Database query performance testing validates that queries execute efficiently under realistic data volumes. The following example measures query performance across different table sizes and index configurations.

require 'benchmark'
require 'active_record'

class QueryPerformanceTester
  def initialize(model_class)
    @model = model_class
  end

  def test_query_scaling
    record_counts = [100, 1_000, 10_000, 100_000]
    
    record_counts.each do |count|
      setup_test_data(count)
      
      results = Benchmark.measure do
        @model.where(status: 'active').limit(100).to_a
      end
      
      puts "Records: #{count}, Query time: #{results.real}s"
      cleanup_test_data
    end
  end

  def compare_index_impact
    setup_test_data(50_000)
    
    # Without index
    time_without_index = Benchmark.measure do
      @model.where(email: 'test@example.com').first
    end
    
    # Add index
    ActiveRecord::Migration.add_index @model.table_name, :email
    
    # With index
    time_with_index = Benchmark.measure do
      @model.where(email: 'test@example.com').first
    end
    
    puts "Without index: #{time_without_index.real}s"
    puts "With index: #{time_with_index.real}s"
    puts "Improvement: #{(time_without_index.real / time_with_index.real).round(2)}x"
    
    cleanup_test_data
    ActiveRecord::Migration.remove_index @model.table_name, :email
  end

  private

  def setup_test_data(count)
    @model.connection.execute("TRUNCATE #{@model.table_name}")
    
    count.times do |i|
      @model.create!(
        email: "user#{i}@example.com",
        status: i.even? ? 'active' : 'inactive',
        created_at: Time.now - rand(365).days
      )
    end
  end

  def cleanup_test_data
    @model.connection.execute("TRUNCATE #{@model.table_name}")
  end
end

Stress testing determines system breaking points by progressively increasing load until failures occur. This approach identifies maximum capacity and failure modes.

class StressTester
  def initialize(url)
    @url = url
    @results = []
  end

  def run
    user_counts = [10, 25, 50, 100, 200, 400, 800]
    
    user_counts.each do |count|
      puts "Testing with #{count} concurrent users..."
      
      tester = LoadTester.new(@url, concurrent_users: count, duration: 30)
      result = tester.run
      
      @results << {
        users: count,
        throughput: result[:throughput],
        error_rate: result[:error_rate],
        p95_latency: result[:p95]
      }
      
      # Stop if error rate exceeds threshold
      break if result[:error_rate] > 0.05
      
      sleep(10) # Recovery time between tests
    end
    
    analyze_results
  end

  private

  def analyze_results
    puts "\n=== Stress Test Results ==="
    @results.each do |r|
      puts "#{r[:users]} users: " \
           "#{r[:throughput].round(2)} req/s, " \
           "#{(r[:error_rate] * 100).round(2)}% errors, " \
           "#{(r[:p95_latency] * 1000).round(2)}ms p95"
    end
    
    max_capacity = @results.select { |r| r[:error_rate] < 0.01 }.last
    puts "\nMax capacity: ~#{max_capacity[:users]} concurrent users"
  end
end

Tools & Ecosystem

Apache Bench (ab) provides command-line HTTP load testing with straightforward request/response metrics. The tool measures requests per second, connection times, and response distributions across concurrent connections. While not Ruby-specific, ab integrates into Ruby-based performance testing workflows.

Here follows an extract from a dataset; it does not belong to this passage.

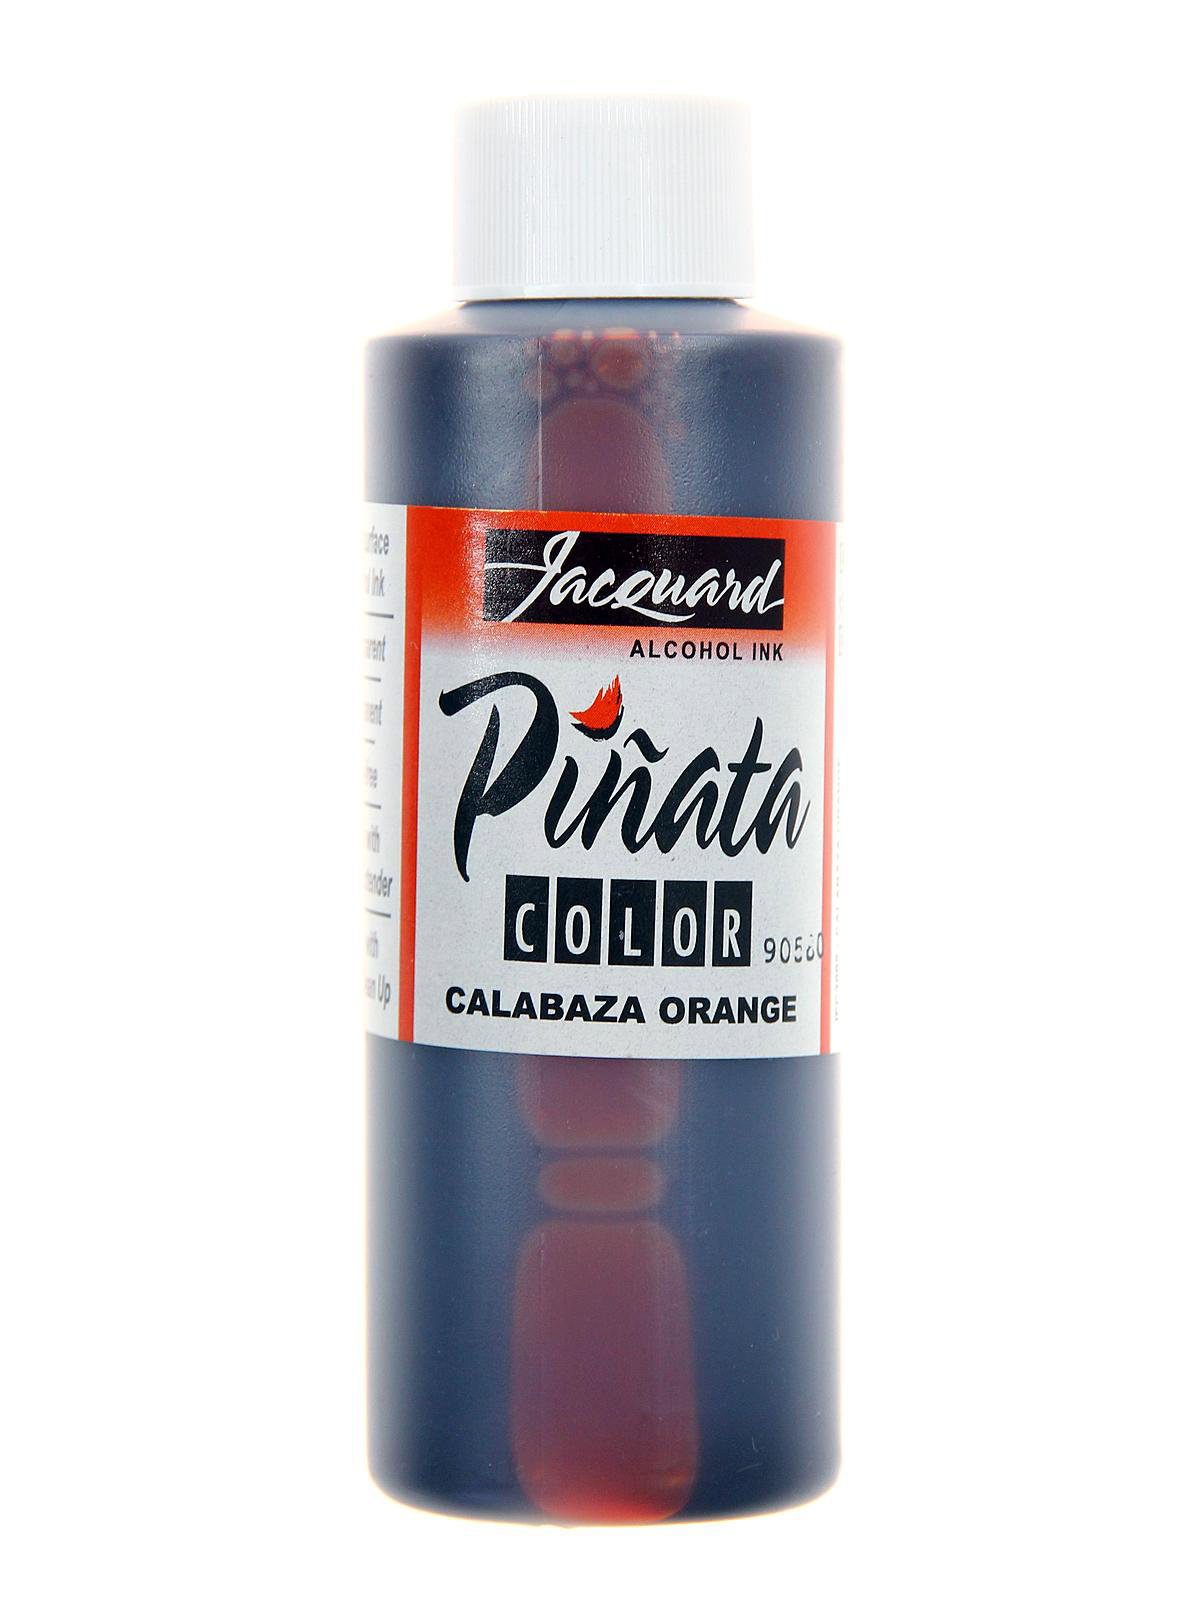 Jacquard Pinata Color Alcohol Ink 4oz Santa Fe Red

# Wrapper for Apache Bench
class ApacheBenchRunner
  def initialize(url)
    @url = url
  end

  def run(requests: 1000, concurrency: 10)
    cmd = "ab -n #{requests} -c #{concurrency} -g data.tsv #{@url}"
    output = `#{cmd}`
    
    parse_results(output)
  end

  private

  def parse_results(output)
    {
      requests_per_second: output[/Requests per second:\s+([\d.]+)/, 1].to_f,
      time_per_request: output[/Time per request:\s+([\d.]+)/, 1].to_f,
      transfer_rate: output[/Transfer rate:\s+([\d.]+)/, 1].to_f
    }
  end
end

runner = ApacheBenchRunner.new('http://localhost:3000/api/users')
results = runner.run(requests: 5000, concurrency: 50)
puts "RPS: #{results[:requests_per_second]}"

The wrk tool generates significant load with minimal resource consumption. Written in C with LuaJIT scripting support, wrk produces millions of requests per second from a single machine. Ruby applications integrate wrk through system calls or analyze wrk output files.

The siege tool simulates realistic user behavior with configurable delays and URLs. The tool reads URL lists from files, supports HTTP authentication, and measures transaction rates under varied request patterns. Siege provides concurrent user simulation without requiring programming.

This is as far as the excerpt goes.